In base ai risultati ottenuti da una ricerca australiana, l’assunzione regolare di vitamina D altera il tasso di eventi cardiovascolari: ecco chi ne può beneficiare
In ambito cardiovascolare, fino ad ora non è stato semplice giungere ad indiscutibili evidenze riguardo all’effettiva possibilità degli integratori di vitamina D di prevenire ictus ed infarti. Ciò a causa di studi condotti in modo randomico, che hanno portato a risultati soltanto di tipo ipotetico e dunque fondamentalmente incerti.
Ma grazie ad una nuova ricerca effettuata in Australia abbiamo ora solide prove riguardo alla loro efficacia.
Le malattie di tipo cardiovascolare sono una delle principali cause di decesso a livello mondiale e si riferiscono a difetti che interessano in prevalenza l’organo del cuore ed i vasi sanguigni. Vi è una relazione direttamente proporzionale, inoltre, tra l’invecchiamento della popolazione mondiale e l’aumento di malattie croniche CVD (acronimo di cardiovascolare). Queste malattie, infatti, stanno diventando sempre più frequenti e comuni proprio a causa della dilatazione degli anni medi di vita degli esseri umani.
Ecco, dunque, che tra il 2014 ed il 2020 un gruppo di ricerca australiano ha condotto lo studio “D-Health Trial”, coinvolgendo oltre ventimila persone (21.315, nello specifico). La caratteristica principale di questa platea coinvolta nella ricerca è stata l’età: ovvero tra i 60 e gli 84 anni. Ed è proprio l’età ad aver condotto alle nuove evidenze che offrono una lettura inedita dell’effetto degli integratori di vitamina D sul sistema cardiovascolare.

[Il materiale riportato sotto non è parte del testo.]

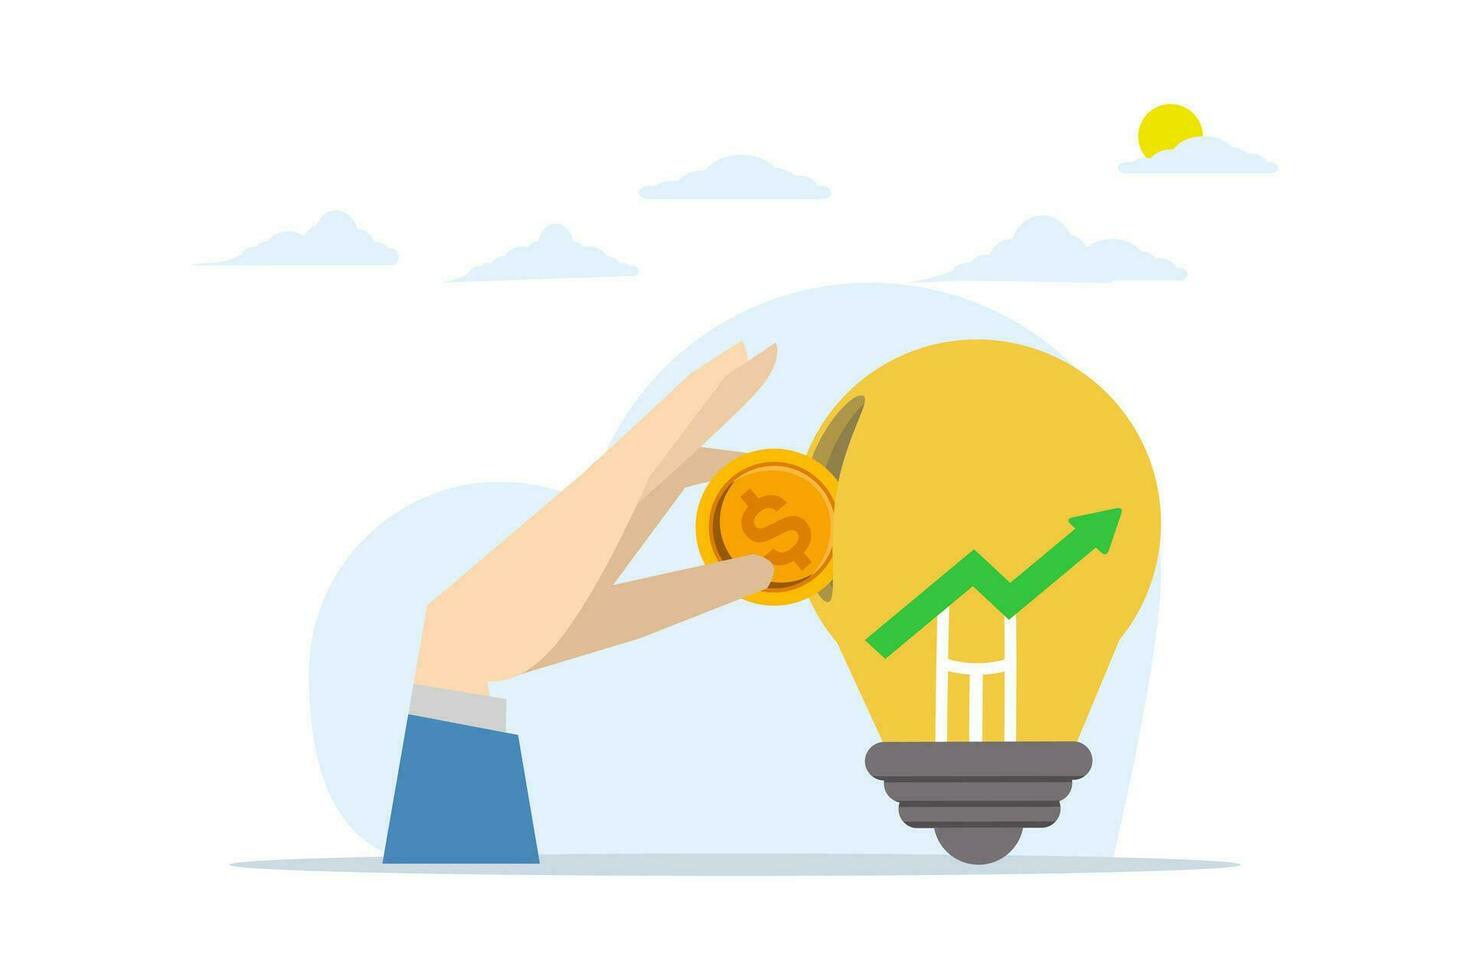 Concept of investing in growth stocks, mutual funds or growth money, savings, retirement funds or increasing profits from stock market, businessman inserting coins into growth chart light bulb. vector

Com’è stato condotto lo studio ed i risultati raggiunti
In modo casuale, circa la metà della platea (10.662 persone) ha assunto mensilmente per via orale e per cinque anni una capsula da 60.000 UI di vitamina D. L’altra metà invece (10.653 persone) ha assunto un placebo. I risultati hanno condotto all’evidenza che l’integrazione regolare di vitamina D può effettivamente ridurre il rischio di eventi cardiovascolari gravi in persone di questa età.
“Questi risultati – ha dichiarato un ricercatore – suggeriscono che le conclusioni secondo cui l’integrazione di vitamina D non altera il rischio di malattie cardiovascolari sono premature”. Le conclusioni più plausibili della ricerca, infatti, hanno dimostrato che l’alterazione si è verificata con una percentuale del 9% di eventi cardiovascolari gravi verificatisi in meno nel gruppo che ha assunto regolarmente la vitamina D rispetto al gruppo che ha assunto il placebo.
Inoltre, mentre non è emersa differenza alcuna tra i due gruppi in relazione agli eventi di ictus, il tasso d’infarto per il gruppo che ha assunto la vitamina D è risultato inferiore del 19% rispetto al gruppo placebo ed il tasso di rivascolarizzazione coronarica inferiore dell’11%.